The difference of the previous two equations yields

$\displaystyle (\lambda_i - \lambda_i^{\,\ast})\,{\bf x}_i^{\ast\,T} {\bf x}_i = 0.$ (A.151)

It follows that $\lambda_i=\lambda_i^{\,\ast}$, because ${\bf x}_i^{\ast\,T}{\bf x}_i$ (which is ${\bf x}_i^{\,\ast}\cdot{\bf x}_i$ in vector notation) is real and positive definite. Hence, $\lambda_i$ is real. It immediately follows that ${\bf x}_i$ is real.

Next, let us show that two eigenvectors corresponding to two different eigenvalues are mutually orthogonal. Let

$\displaystyle {\bf A}\,{\bf x}_i$ $\displaystyle = \lambda_i\,{\bf x}_i,$ (A.152)
$\displaystyle {\bf A}\,{\bf x}_j$ $\displaystyle = \lambda_j\,{\bf x}_j,$ (A.153)

where $\lambda_i\neq \lambda_j$. Taking the transpose of the first equation and right multiplying by ${\bf x}_j$, and left multiplying the second equation by ${\bf x}_i^T$, we obtain

$\displaystyle {\bf x}_i^T\,{\bf A}\,{\bf x}_j$ $\displaystyle = \lambda_i\,{\bf x}_i^T{\bf x}_j,$ (A.154)
$\displaystyle {\bf x}_i^T\,{\bf A}\,{\bf x}_j$ $\displaystyle = \lambda_j\,{\bf x}_i^T{\bf x}_j.$ (A.155)

Taking the difference of the preceding two equations, we get

$\displaystyle (\lambda_i-\lambda_j)\,{\bf x}_i^T{\bf x}_j = 0.$ (A.156)

Because, by hypothesis, $\lambda_i\neq \lambda_j$, it follows that ${\bf x}_i^T{\bf x}_j = 0$. In vector notation, this is the same as ${\bf x}_i \cdot{\bf x}_j=0$. Hence, the eigenvectors ${\bf x}_i$ and ${\bf x}_j$ are mutually orthogonal.

Suppose that $\lambda_i=\lambda_j=\lambda$. In this case, we cannot conclude that ${\bf x}_i^T{\bf x}_j = 0$ by the preceding argument.
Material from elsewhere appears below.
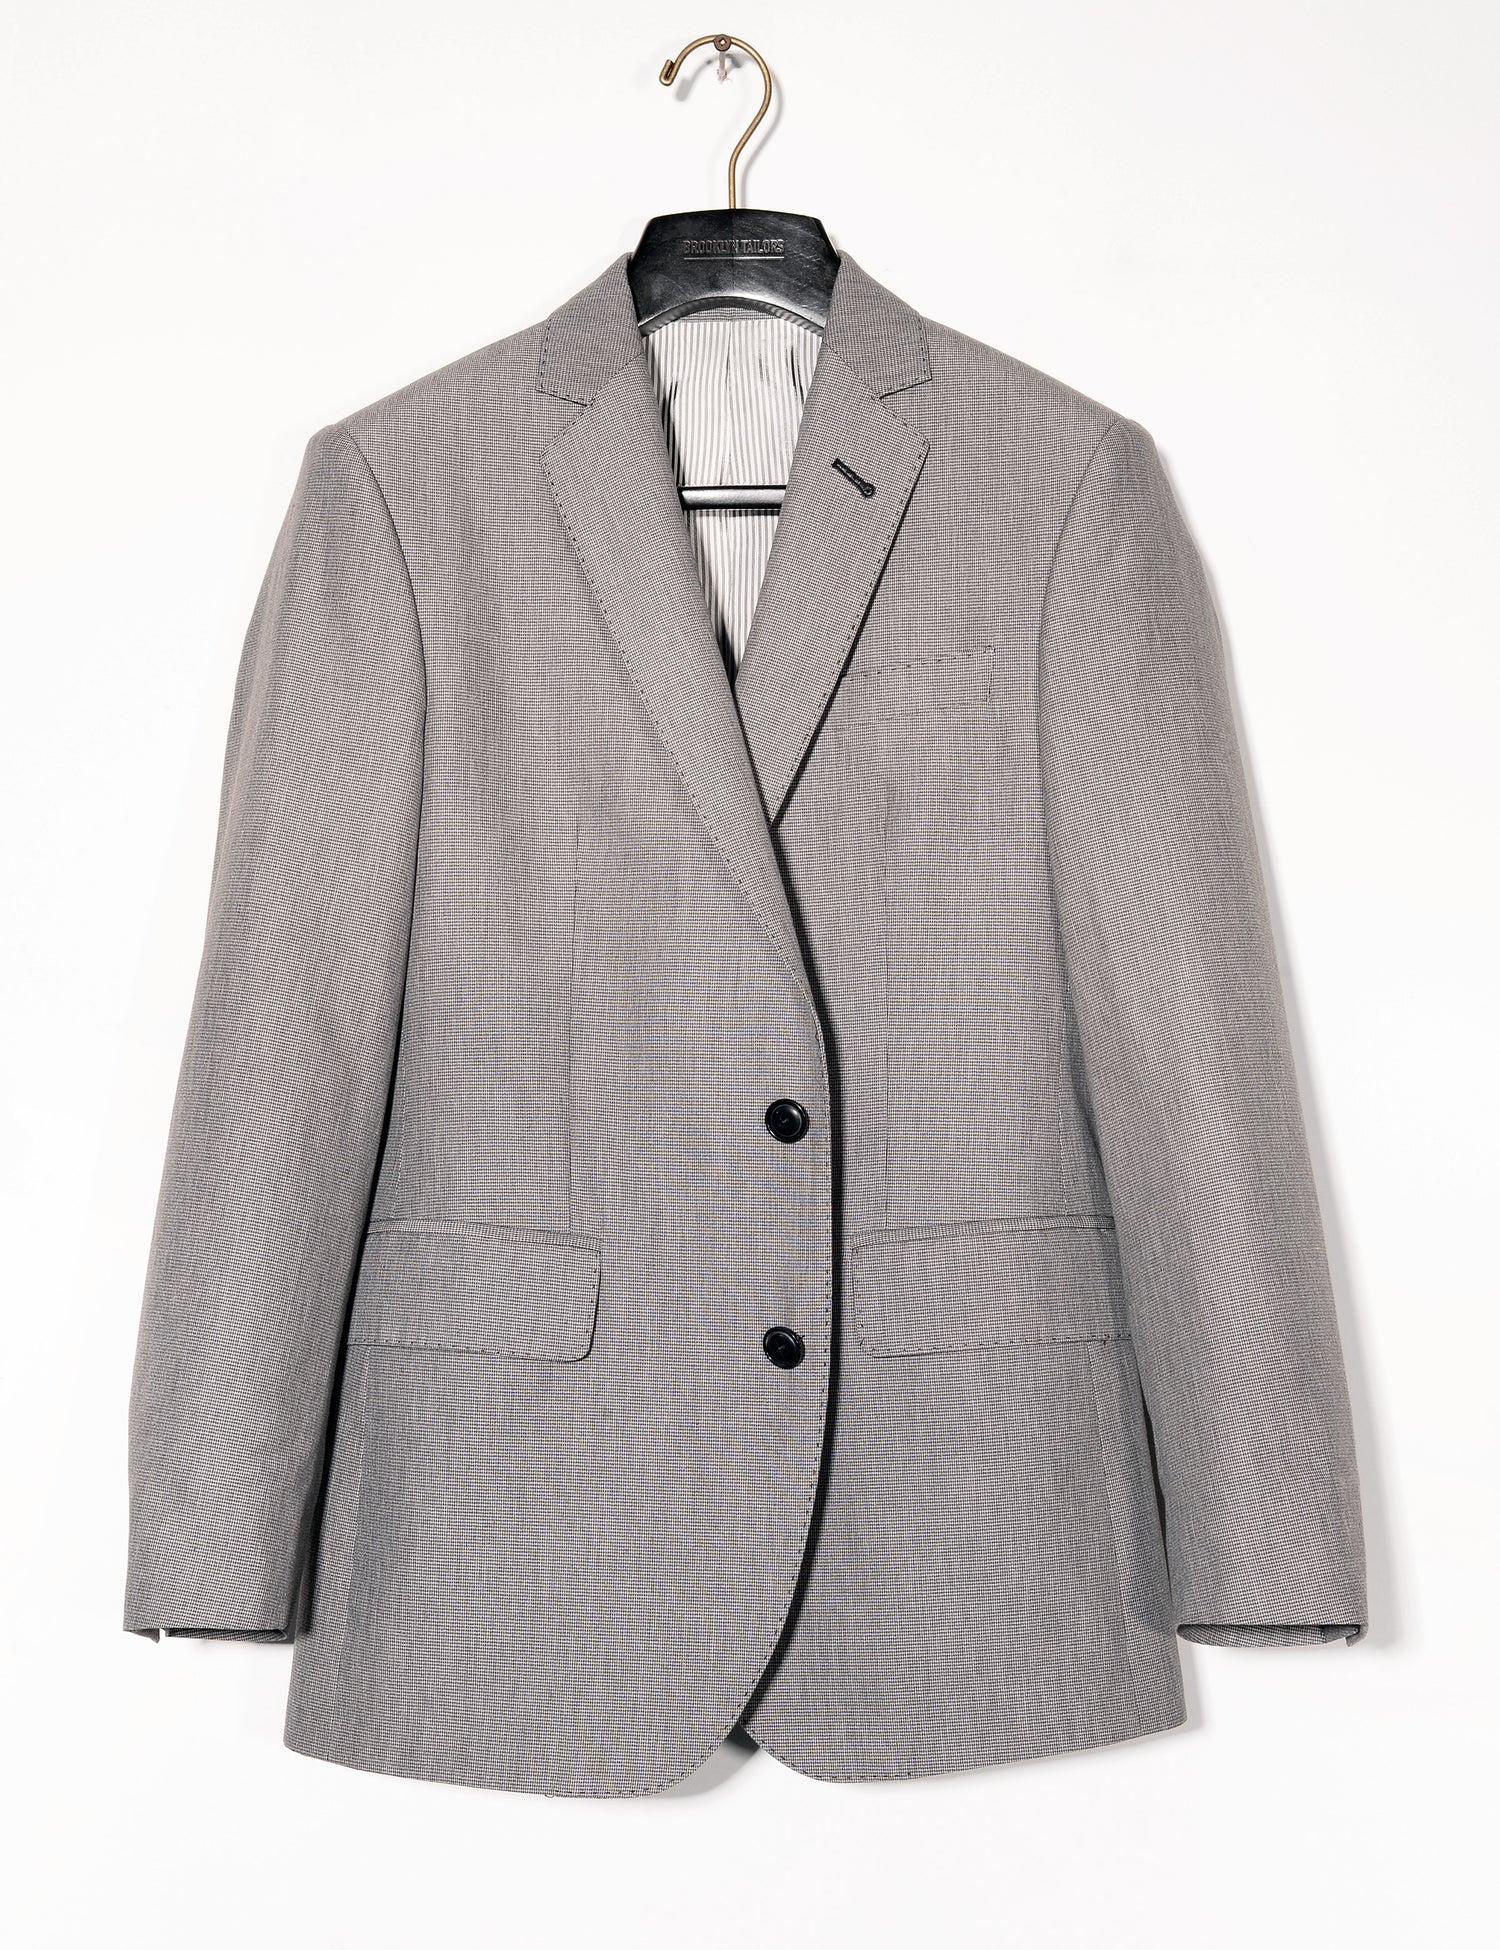 FINAL SALE: BKT50 Tailored Jacket in Cotton Micro Weave - Graphite –  Brooklyn Tailors

However, it is easily seen that any linear combination of ${\bf x}_i$ and ${\bf x}_j$ is an eigenvector of ${\bf A}$ with eigenvalue $\lambda $. Hence, it is possible to define two new eigenvectors of ${\bf A}$, with the eigenvalue $\lambda $, that are mutually orthogonal. For instance,

$\displaystyle {\bf x}_i'$ $\displaystyle = {\bf x}_i,$ (A.157)
$\displaystyle {\bf x}_j'$ $\displaystyle = {\bf x}_j - \left(\frac{{\bf x}_i^T{\bf x}_j}{{\bf x}_i^T{\bf x}_i}\right) {\bf x}_i.$ (A.158)

It should be clear that this argument can be generalized to deal with any number of eigenvalues that take the same value.

In conclusion, a real symmetric $n$-dimensional matrix possesses $n$ real eigenvalues, with $n$ associated real eigenvectors, that are, or can be chosen to be, mutually orthogonal.